Pour résumer, on « allège » l’un des termes en augmentant sa quantité, tandis qu’on
l’ « alourdit » en réduisant la quantité. La seconde contribution est l’assimilation de la
monnaie à une marchandise (huo) et non à un étalon. Les manipulations du marché peuvent
être utilisées pour corriger des crises internes ou mener des opérations guerrières. La pensée
du Guanzi rejoint les considérations des légistes pour qui le développement économique
(agriculture) peut être une manière de conduire des hostilités.
En pratique, les partisans du Guanzi ont préconisé l’accaparement par l’Etat de la production
et du commerce du sel et du fer, produits indispensables dans la vie des sujets.
Sous la dynastie des Han une controverse opposa en 81 avant notre ère les tenants de ces
théories aux confucéens sous l’arbitrage du pouvoir impérial. Les confucéens gagnèrent en
démontrant que cette théorie était « immorale » parce qu’elle amenait à nier la valeur des
marchandises. A partir de cette date les idées défendues par les tenants du Guanzi et les
légistes furent considérées comme hétérodoxes. Le Guanzi ne fut jamais considéré comme un
Classique digne d’être étudié. C’est pour cette raison que son texte ne fut pas établi et que la
version actuelle a été empruntée au Japon.
En revanche, il demeurait une référence dans la pratique des politiciens. On peut le constater
dans deux domaines : la gestion des émissions monétaires et la réglementation du marché.

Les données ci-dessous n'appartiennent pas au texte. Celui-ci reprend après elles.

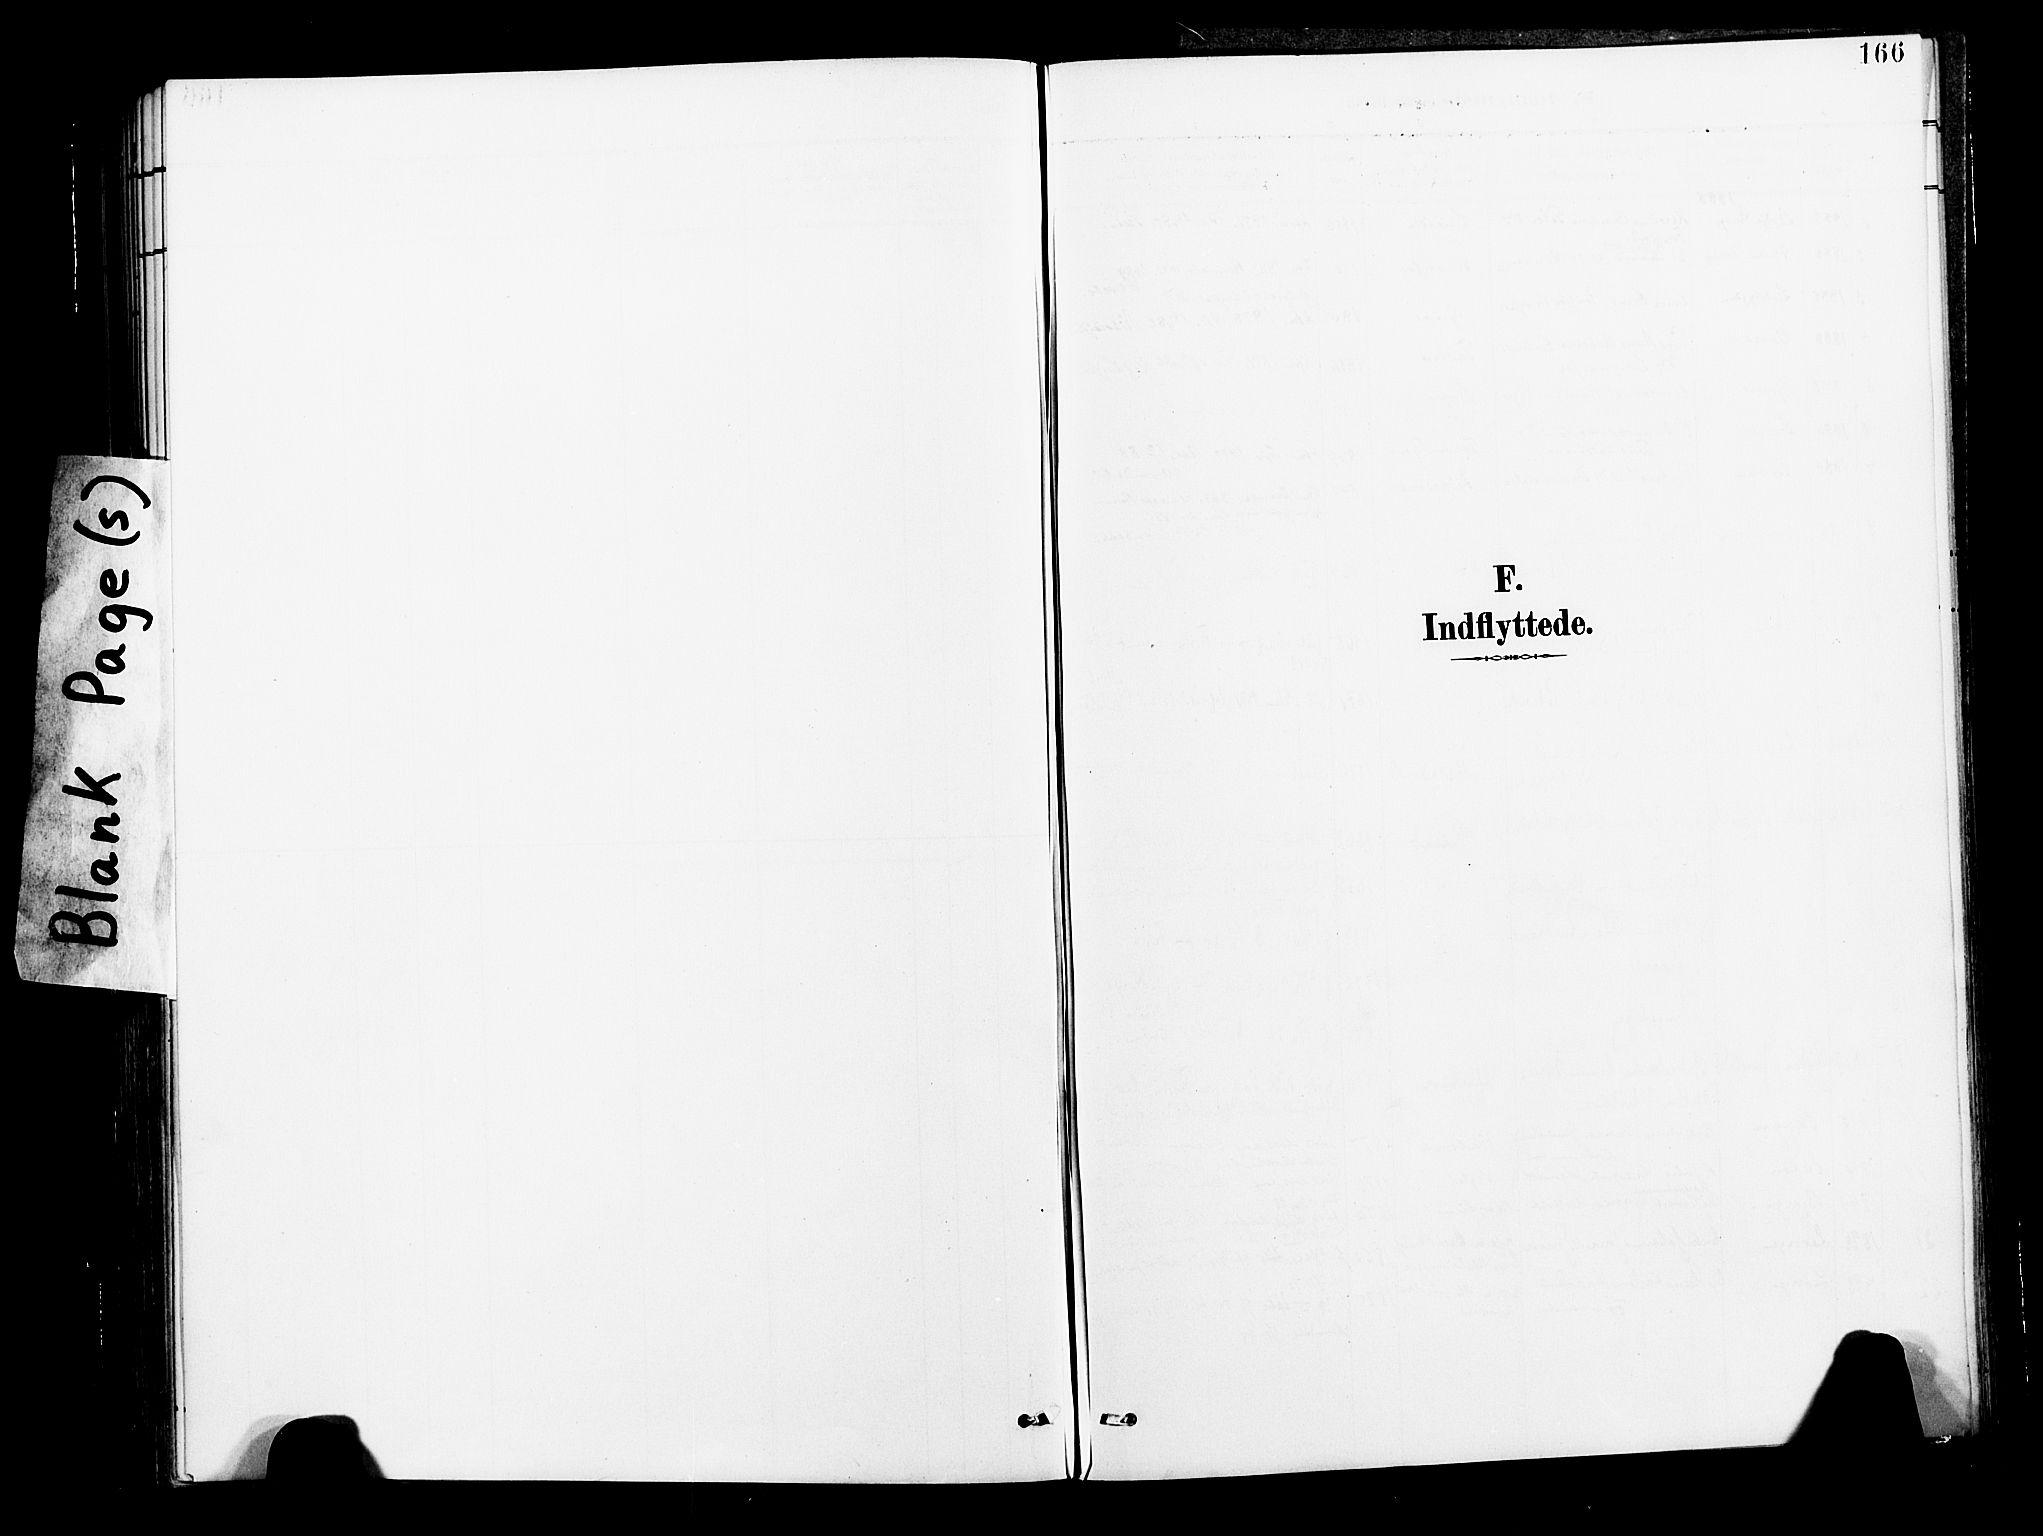 SAT, Ministerialprotokoller, klokkerbøker og fødselsregistre - Nord-Trøndelag, 713/L0121: Ministerialbok nr. 713A10, 1888-1898, s. 166

Dans ces deux cas, les usages « agressifs » de la théorie sont remplacés par le maintien des
équilibres. Le premier exemple est celui de la régulation du commerce des céréales par des
greniers. Les céréales acquises au titre de l’impôt sont stockées dans des greniers. Elles sont
mises sur le marché pour combattre la hausse des prix. De la même manière, les autorités
régulaient la situation monétaire en mettant en circulation des quantités de monnaie. Plus ou
moins importantes.
La mise en pratique des théories de Guanzi supposait une connaissance précise de la
conjoncture économique. Les autorités surveillaient les fluctuations des prix des denrées et
des taux de change interne entre les différents signes monétaires, en particulier, à partir des
Ming, le change entre les sapèques (pièces de bronze constituant la monnaie officielle) et les
métaux précieux (argent et or) qui n’avaient que le statut de marchandises. On note cependant
qu’en dehors de ces domaines précis l’Etat intervenait peu dans la vie économique et que la
législation ne concernait que les relations entre les sujets et l’Etat. Les opérations
économiques concernant la propriété, les associations, le prêt étaient du domaine privé et
relevaient de la « coutume ».
La pensée économique chinoise fut reprise et développée au Japon à partir du XVIIe siècle
par des « confucéens » japonais, en particulier Kumazawa Banzan qui dans ses
« Commentaires sur La Grande étude (Daxue) », l’ouvrage de Confucius devenu depuis les
Ming la principale référence en matière d’économie, ébauche une théorie de l’investissement
agricole, et Ogyû Sorai, qui géra la crise monétaire du début du XVIIIe siècle.